PONTE VEDRA BEACH, Fla. — When you’ve won 10 times — and amassed 42 top-10 finishes in the last five years — you expect to have positive memories to draw upon at almost every PGA Tour stop. Justin Rose certainly enjoys that at the majors — he’s had three second-place finishes in the last few years — but TPC Sawgrass has been much less fertile terrain for the former U.S. Open champion.
Rose will make his 16th consecutive start this week at The Players Championship, where he has recorded just one top-10 finish. That was a tie for fourth five years ago. He has logged just one other top 20. It’s an unusually spartan record for a man who hasn’t been outside the top two slots in the world golf ranking since last summer.
One possible explanation is that TPC Sawgrass — unlike so many venues on Tour — hasn’t offered preferential treatment to the game’s longest hitters, whose ranks include Rose.
“I think that’s the beauty of this golf course is that it suits everybody. It suits all different types of game, which I think is fantastic to have a championship played that suits the whole Tour,” Rose said Tuesday. “If this was a modern style golf course where every carry was 300 and things widened out, it would be frustrating for 40 percent of the field.

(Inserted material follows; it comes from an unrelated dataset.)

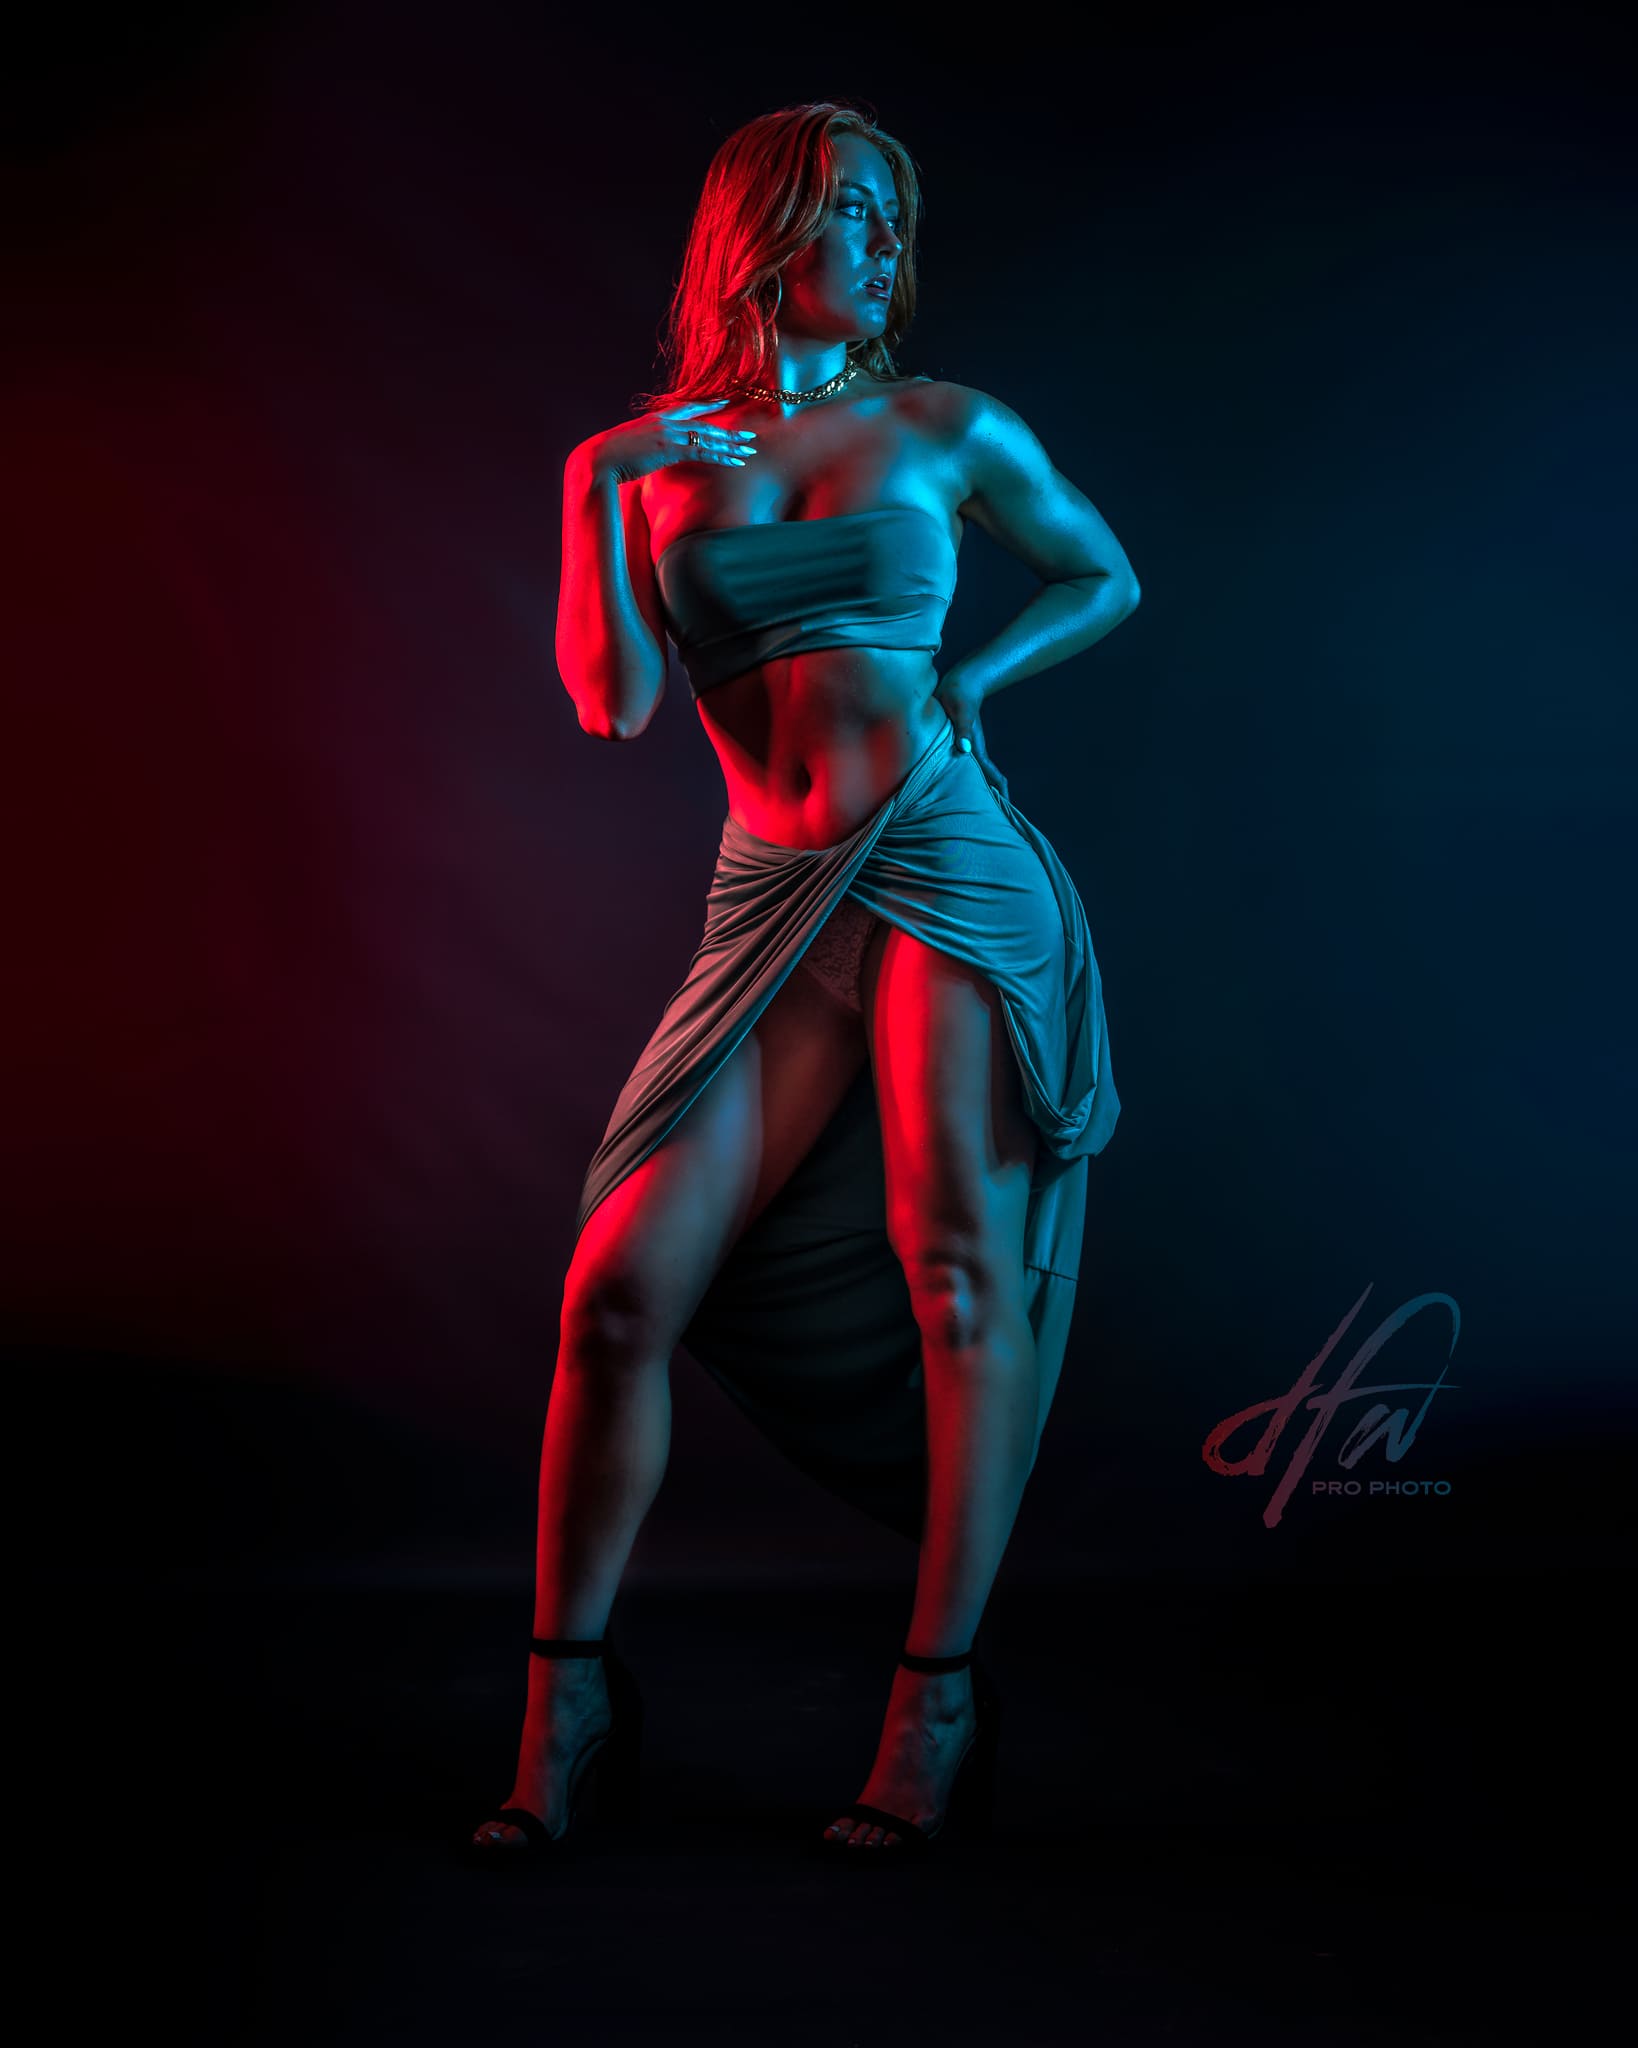 Girl posing with dramatic red and blue lighting.

“I don’t think any one of the PGA Tour players that are here this week is frustrated by this golf course. I think everybody gets here thinking, I’ve got a good chance to win.”
The roll call of winners at The Players over the last decade supports his thesis: it includes bombers like Tiger Woods and Jason Day but also comparative short-ballers like Matt Kuchar and defending champion Webb Simpson. Pete Dye’s infamously demanding layout has made this the only significant tournament that has frequently given shorter hitters a fighting chance.
“I think the top players in the world these days are the guys who are hitting it generally a lot further than most, so you might run into six, seven, eight nine venues a year where you’re playing against guys who just maybe can’t beat you based on their skill set versus yours,” Rose said. “This golf course allows everybody that chance to win.”
Not everyone is convinced that will remain the case now that The Players has moved back to March after a decade of being played in May, when the course was firmer and permitted lesser mortals on the PGA Tour to get added distance with roll. A combination of hurting winds on key holes and a softer golf course could turn The Players into another long ball cakewalk.
On paper, Rose would seem to match an identikit profile for a winner here. For the last five seasons, the Englishman has ranked in the upper echelon of the Strokes Gained: Tee to Green category — no small matter on a course that prizes ballstriking. Drill deeper into Rose’s statistical performance though and numbers emerge that might explain his lack of success at TPC Sawgrass.
In three of the last five seasons he has failed to break the top 110 in Driving Accuracy, and his early returns this season aren’t encouraging. He is currently tied for 102nd in that category, and tied for 161st in Greens in Regulation.
Rose won the Farmers Insurance Open at Torrey Pines in January, but his form since then has been unimpressive. He missed the cut in the controversial Saudi International on the European Tour and on his return stateside at last week’s Arnold Palmer Invitational, he slumped to a 77-75 weekend. That T63 finish at Bay Hill was his worst result in a made cut in nearly two years. When the new world ranking was released on Monday, Rose had slipped to No. 2 behind Dustin Johnson.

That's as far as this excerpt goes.